Tapastanum was born about 1805, probably in the Setting Lake / Split Lake area, and began his lifelong relationship with his wife “Mary” in the late 1830s. [1] In 1838 his name was included in a census of Aboriginal people trading with the Hudson’s Bay Company (HBC) where he was listed as a single adult hunter in the Nelson House trading area. [2] Tapastanum left trading at Nelson House in favour of Norway House in 1843 [3] where post journals reflect his leadership. [4] In 1867 Tapastanum was identified as a “Chief” by missionary Charles Stringfellow in a note in the Rossville (Norway House) baptismal register, next to the baptisms of two of his daughters: “Book shows latter persons are daughter[s] of the Indian Chief still heathen T[a]past[a]num.” [5] In 1868, at the Rossville Mission (Norway House) Tapastanum left a strong impression on Methodist missionary E. R. Young and his wife Elizabeth. Soon after they arrived at Norway House, Tapastanum visited the couple. Elizabeth Young wrote in her reminiscences:

An Old Wood Indian came into the Mission one day, with his squaw & made himself perfectly at-home …. Mr Young at once made it his business to entertain him by showing him through the Mission house…. He was most gorgeously gotten up, down the outsides of his leggin’s were a string of bells, & in front of his breast, a round looking glass, and opposite in the back another. … It was almost impossible to get near the point of saying good-bye. [6]

Although some of his family were baptized by Methodist missionaries at Rossville during the 1860s and early 1870s, Tapastanum declined both Methodist and then Anglican efforts to convert him. [7] Writing from Norway House to Archdeacon Cowley, on 21 August 1873, Church of England missionary Reverend James Settee related that the “Nelson Indians” who had agreed to help support a Church, had requested the Church be built “above Split Lake where the Nelson Indians have fixed upon” and that Tapastanum, “the head conjurer of the Nelson River” would travel with him to show him where the church should be located. [8] In Settee’s Annual Letter of 1874, he recounted how, at Christmas, the local families met back at the mission. The elders of the group told him they had decided that they would prefer to have a mission built farther south, citing more opportunities for employment and agriculture and Settee left the following spring. [9]

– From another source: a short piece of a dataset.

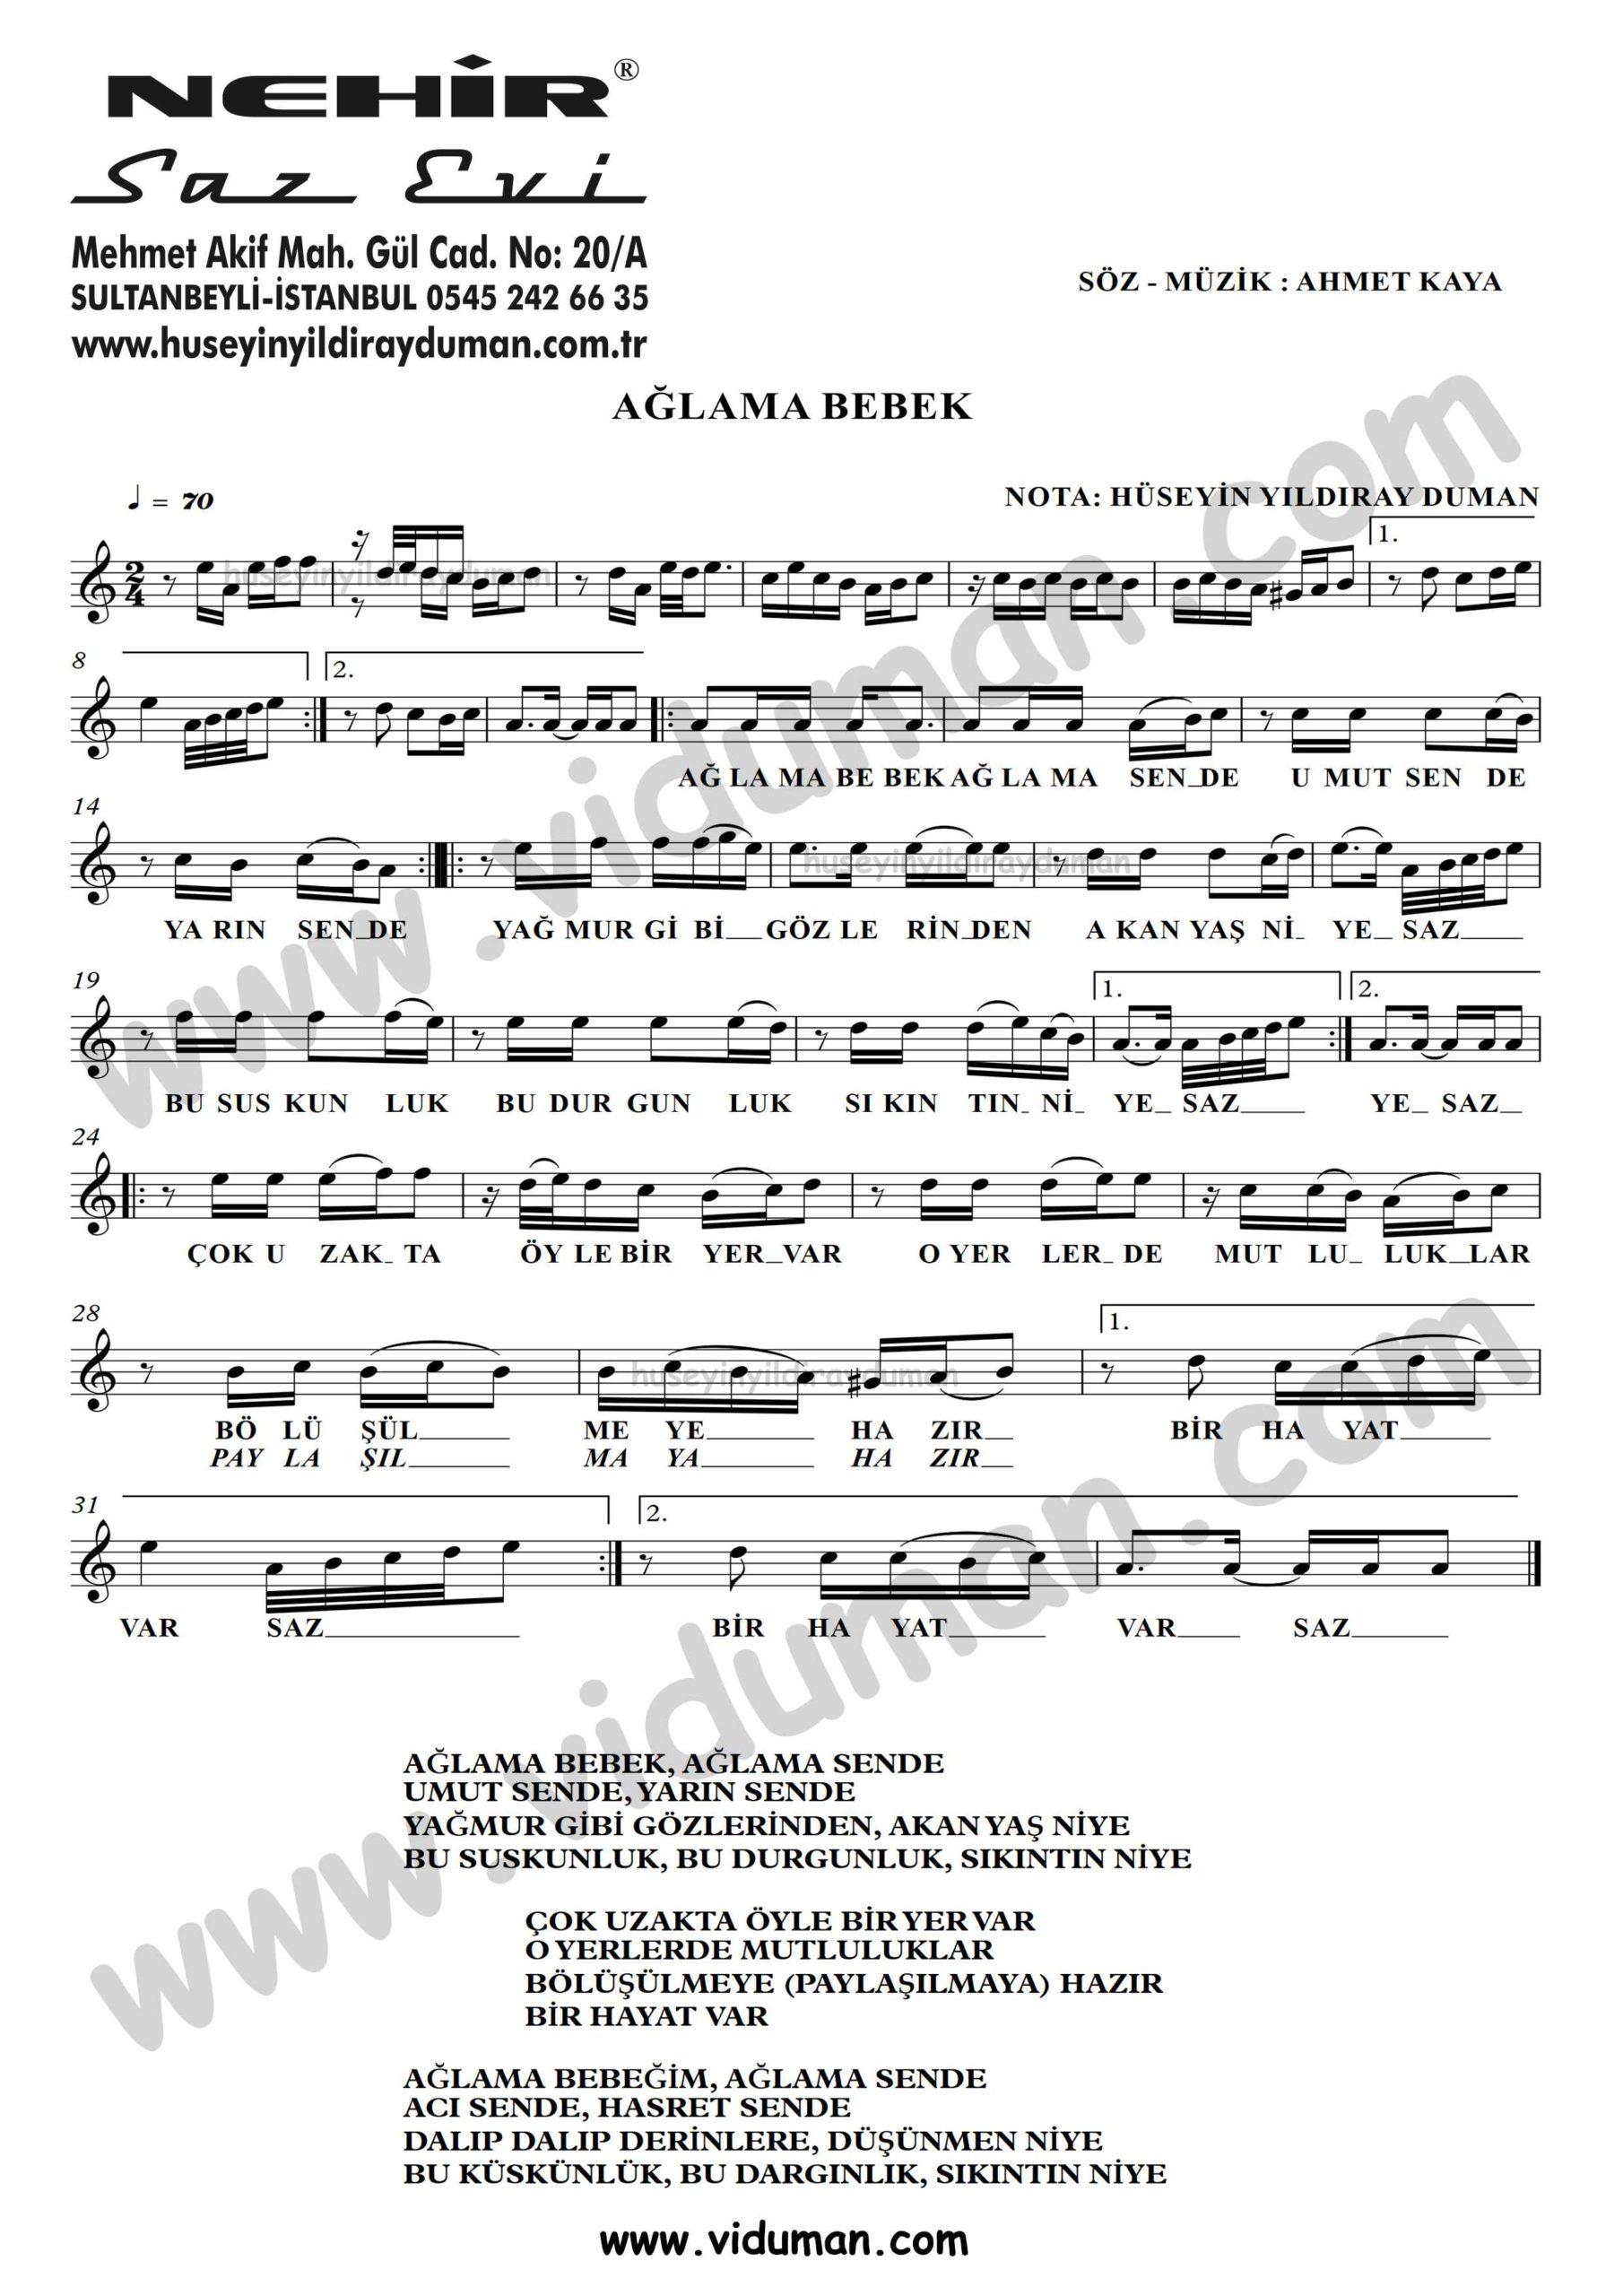 Aglama Bebek-Ahmet Kaya-Baglama-Saz-Turku-Notalari
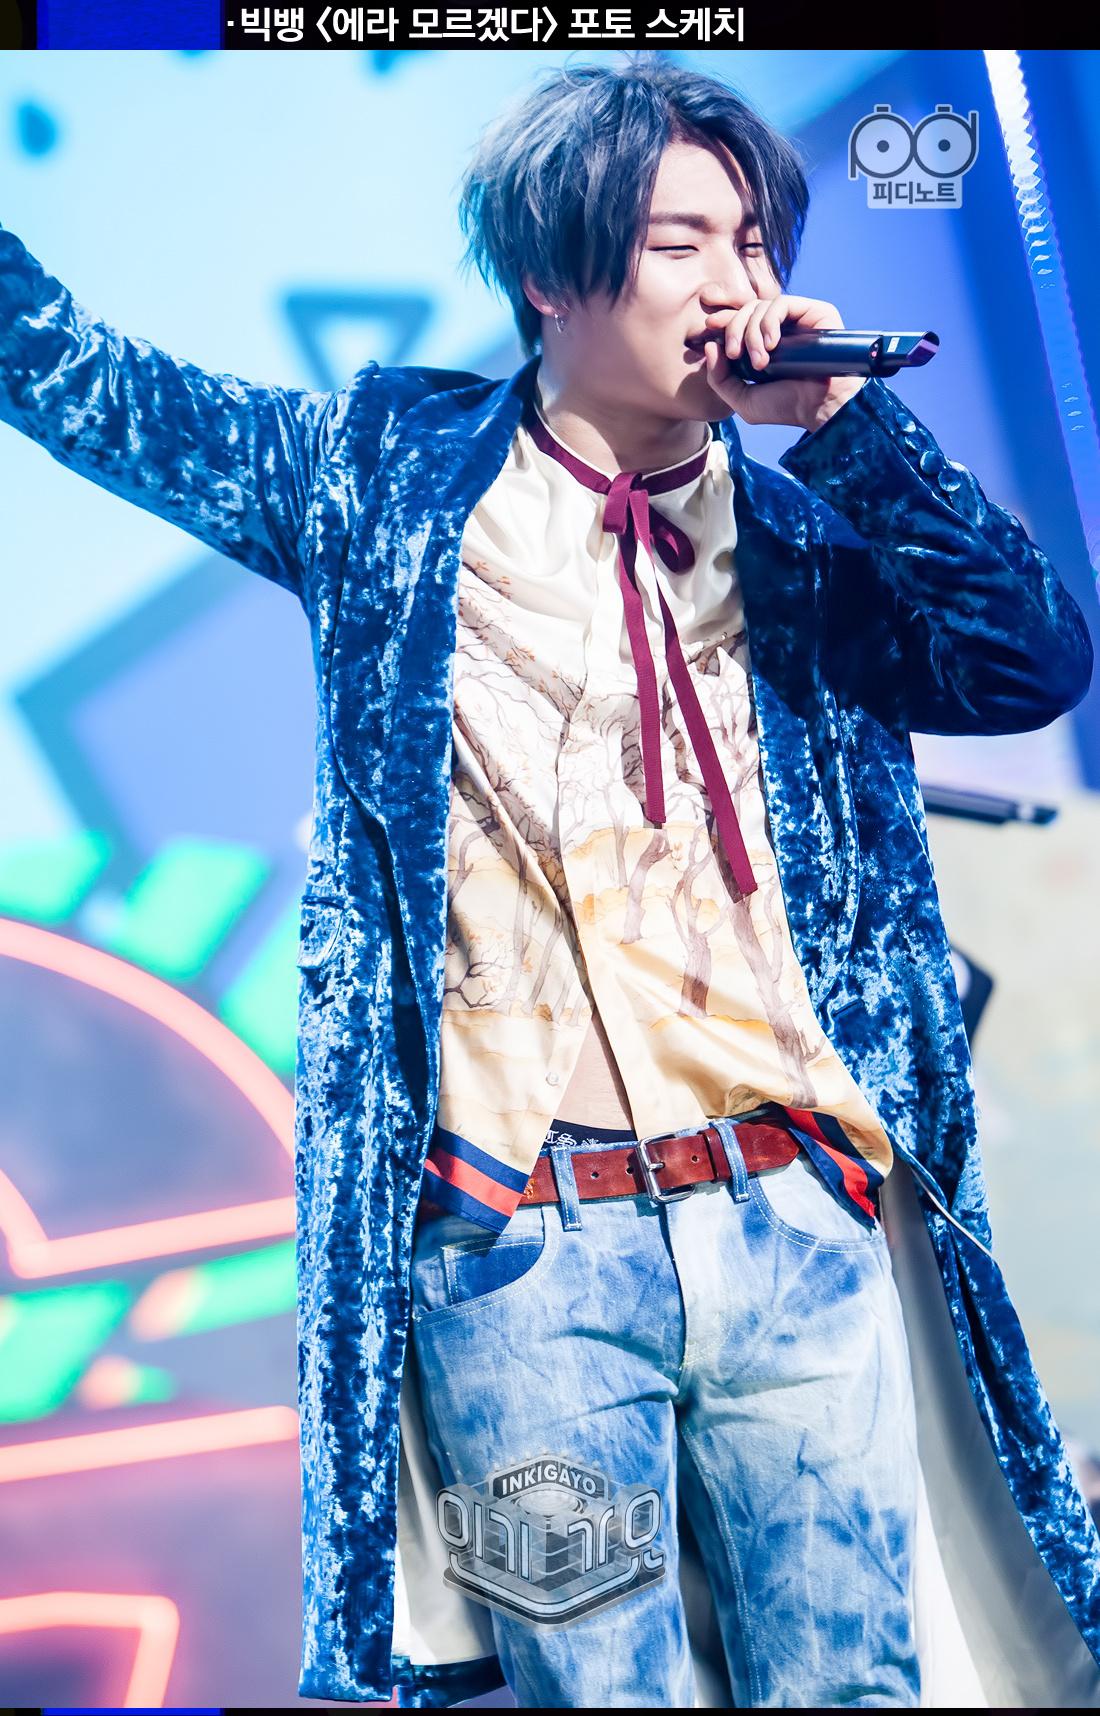 sbs人气歌谣bigbang_[BigBang][新闻]170110 BIGBANG人歌舞台美图来袭 五人五色净化眼球 ...

When, in 1875, Tapastanum did eventually agree to be baptized, the Methodist missionary John Ruttan wrote that his baptism “was an interesting, nay thrilling sight. To see such a noted conjurer as he, stand before a large congregation …. is something long to be remembered.” [10] Ruttan added to the register of Tapastanum’s baptism: “A noted conjuror for many years, who long resisted the teachings of Christianity,” baptized 11 July 1875. [11]

In the summer of 1875, the residents of Norway House anxiously anticipated the arrival of Lieutenant Governor Alexander Morris and his treaty party to negotiate what would become Treaty Five. From Morris’s point of view, the area to be treated and most of the terms of the treaty had been set by an Order in Council before he and his party left from Fort Garry in September of that year. [12] Morris left his first treaty stop, Berens River, thinking he would meet with a single band at Norway House. But when he arrived at Norway House and asked the assembled group to elect a chief, he found himself dealing not with one band, but two. [13] Following negotiations with Tapastanum, 24 September 1875, Treaty Five included areas not authorized by the Order in Council given to Morris, including John Scott’s Lake, the area where Tapastanum and his family lived, and the Pimicikamak people were signatories to Treaty Five. [14]

On 1 October 1875, “Mary Ross,” aged 65 years, was baptized at the Rossville Mission by Ruttan, and she and Tapastanum were formally married in a Methodist service at the parsonage. In the register of the marriage, Ruttan noted: “After living together about 40 odd years and having a large family lately being baptized are now married.” [15] Tapastanum, Donald William Sinclair Ross, was the treaty chief of the Cross Lake Band from the time of treaty in 1875 to his death in September 1881. In 1930, anthropologist A. Irving Hallowell stopped in Cross Lake where he experienced his first “conjuring performance.” Hallowell later wrote, “The conjurer was a Cree, a picturesque old-timer by the name of papamotèwigamau (walking boss), said to be ninety years of age.” In a footnote, he noted that Papamotèwigamau’s father was Tapastanum, “radiates light (an allusion to the sun),” who “was also a conjuror and one of the most famous shamans of the Lake Winnipeg region.” [16] Descendants of Tapastanum continue to live in Pimicikamak territory and the community still recalls his place in their history. He left a lasting legacy to both the Pimicimamak people and to Canada.

Sources:

This profile was prepared by Anne Lindsay.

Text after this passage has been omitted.